With their innovative chameleon cards, Gilbert Kruidenier and Peter Phan classify the different types of Change Managers. Focus on what you do well and enthusiastically own that space. If you lack confidence, fake it til you believe it (Watch the fabulous Amy Cuddy to be inspired to do this). Your approach may not be the right fit for some organisations or projects, and that's cool. Aligning your best fit benefits you and the organisation. Believe it, someone declined to interview me for a Change role this week.

Different is good. Find your 'difference' and celebrate it.

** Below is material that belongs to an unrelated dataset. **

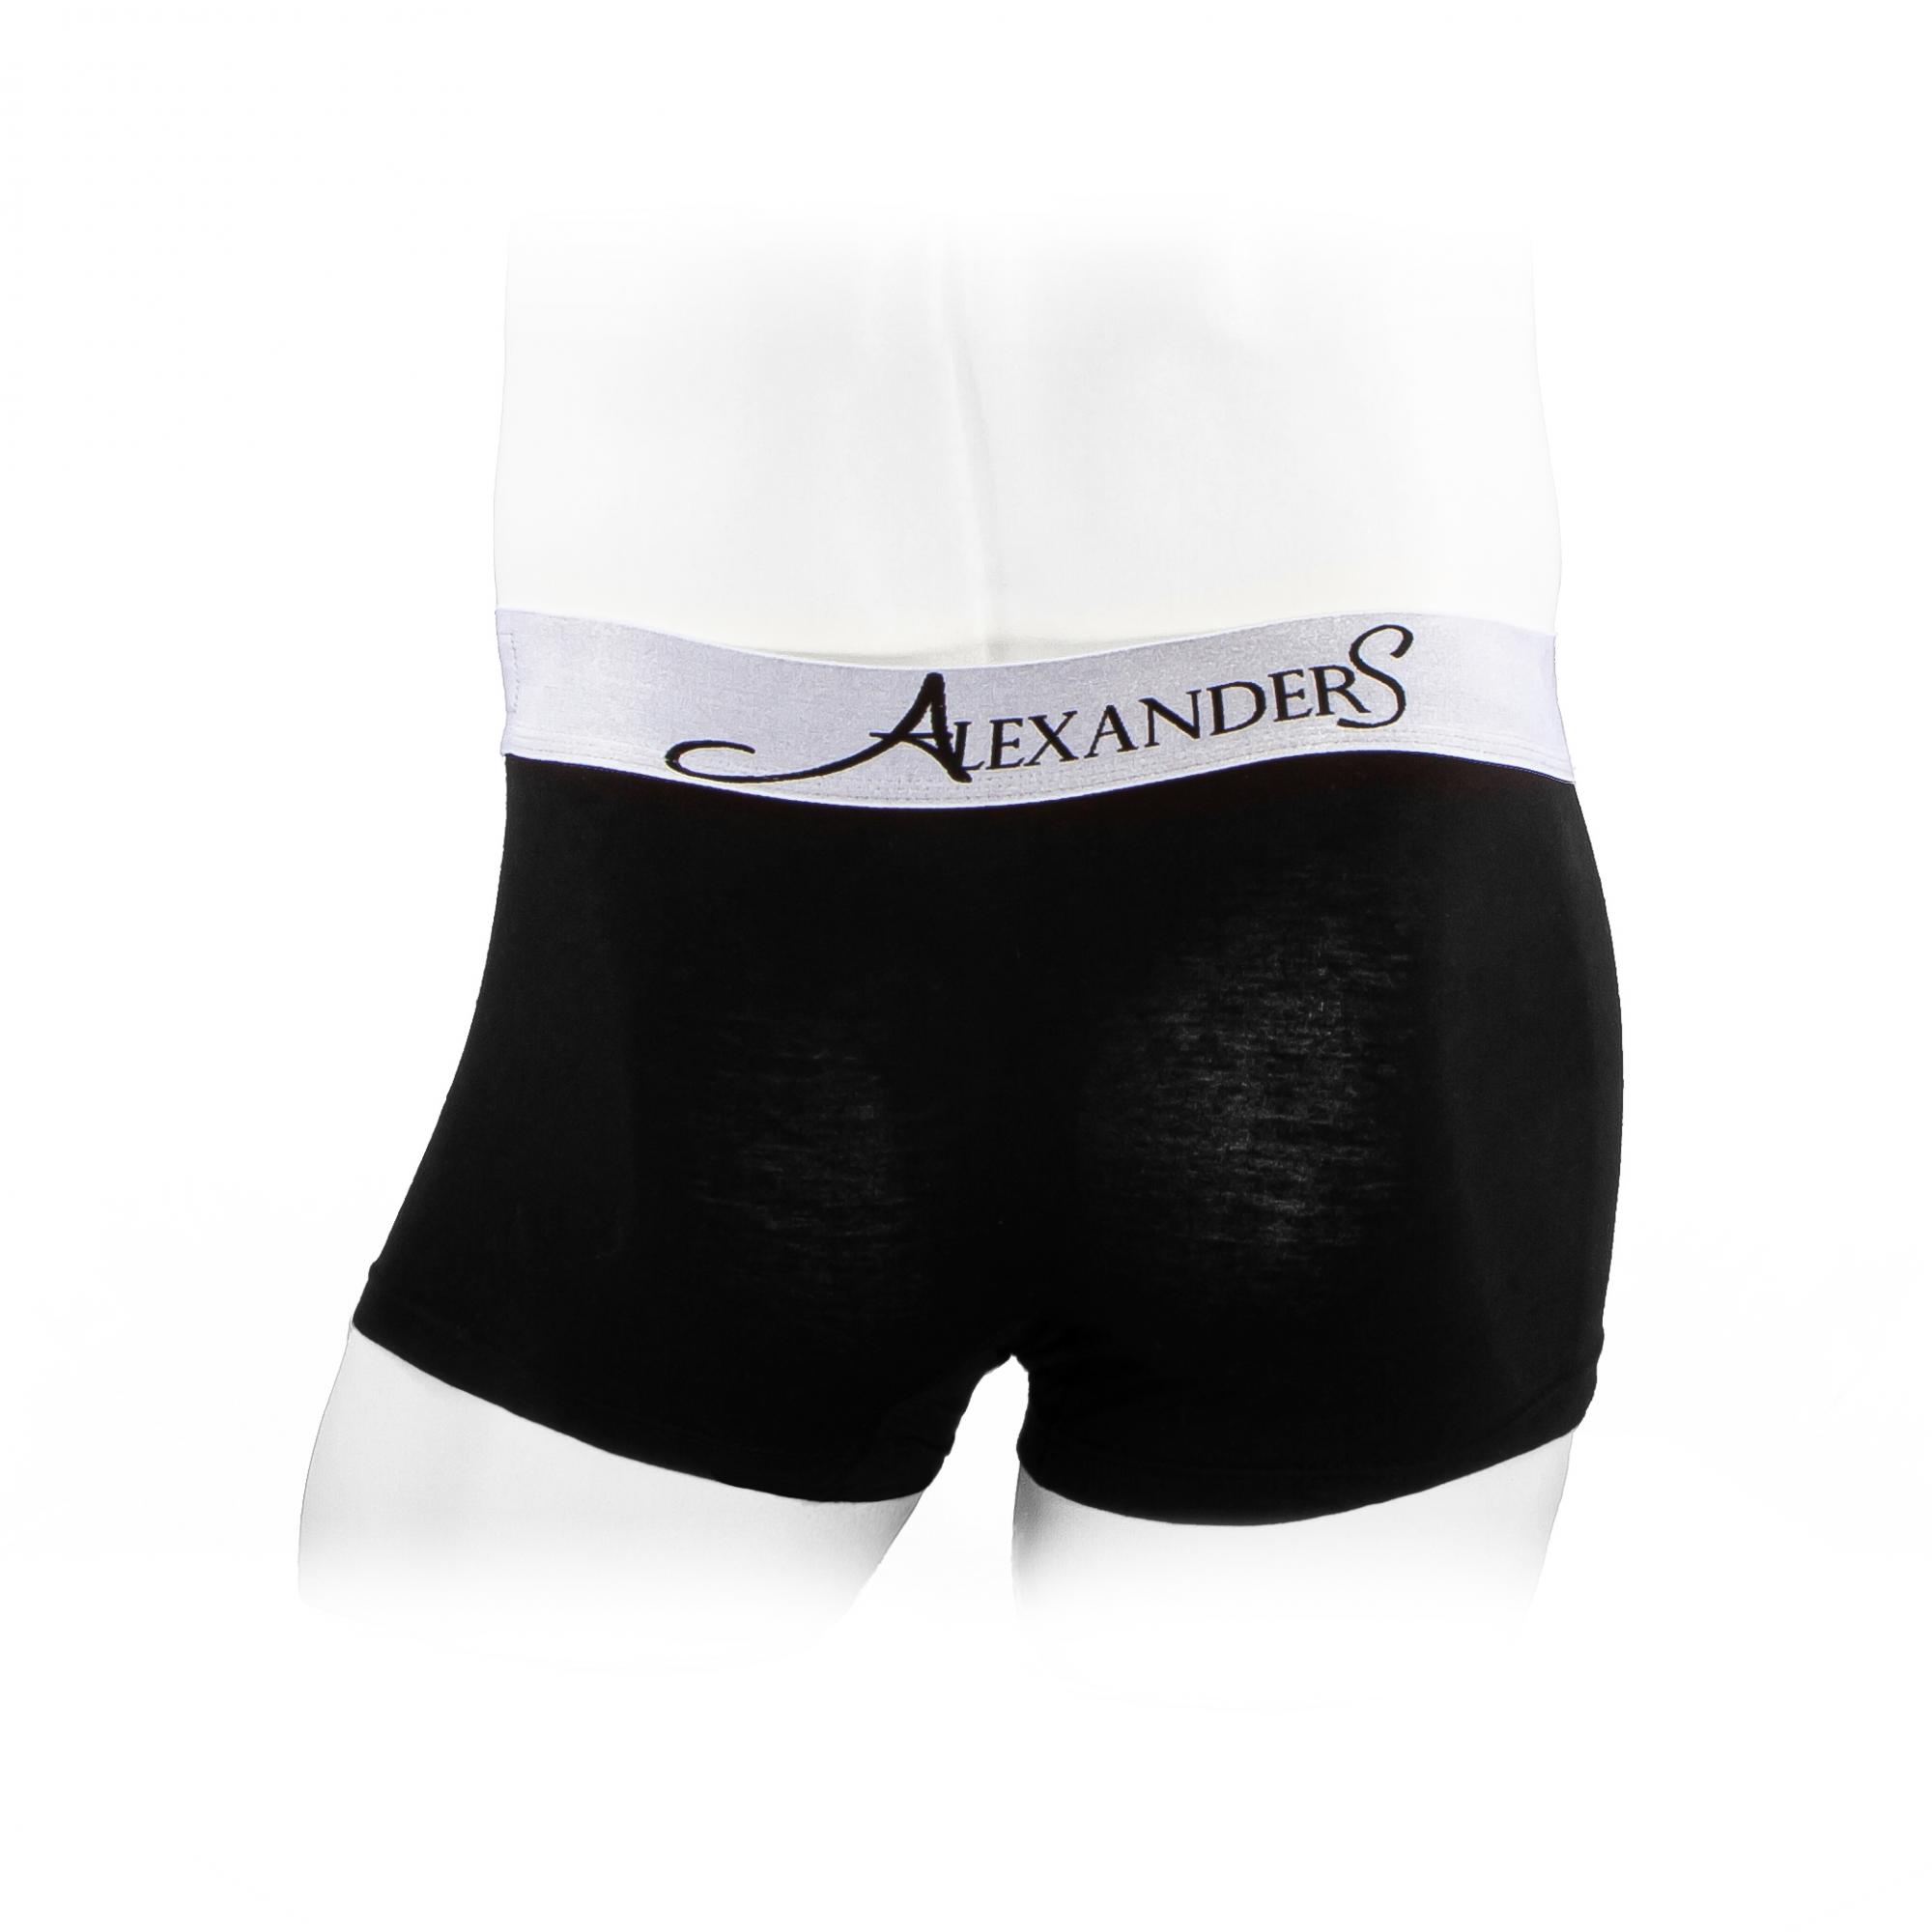 Find your favourite trunks from AlexanderS range, featuring the latest styles and best fits for ultimate comfort. These trunks are perfect for any season.

You must appreciate the existing landscape before you charge in with your new approach. That framework you don't think is fit for purposes is someone else's baby, and they might still work there. Tread lightly. Know the rules before you decide to break them.


How often have you come out of a meeting where your ideas were well received but failed to give yourself credit because you "just made it up, or winged it"?
You didn't make it up or wing it! You had an original idea and thought on your feet.

There is a fine line between an impostor and a thought leader.


Champion yourself in the same way you'd champion a good friend. Surround yourself with people who tell you "you can". (There's a Change Superhero Facebook group of fabulous Change Managers). Own your idea.


Jeff Hiatt's entrepreneurial drive turned ADKAR into the common sense blueprint for modern change, but it doesn't mean your approach is less fabulous. Own it! Post it on LinkedIn!


One last thing! Advice from Mr Superhero, who often tells me to put the unicorn back in the stable for a bit. Meet the business requirements first. Before promoting your vision for the future, do what you've been hired to do. If you are asked to create a standard operating procedure as a 20-page PDF, do it, or at least some of it, and do it brilliantly before you ignore the scope and develop a voice-activated iPhone app.


There is a fine line between an impostor and a thought leader. You choose.


Can you imagine how much poorer the change community would be if I'd listened to that little voice three years ago telling me nobody needs a PowerPoint template?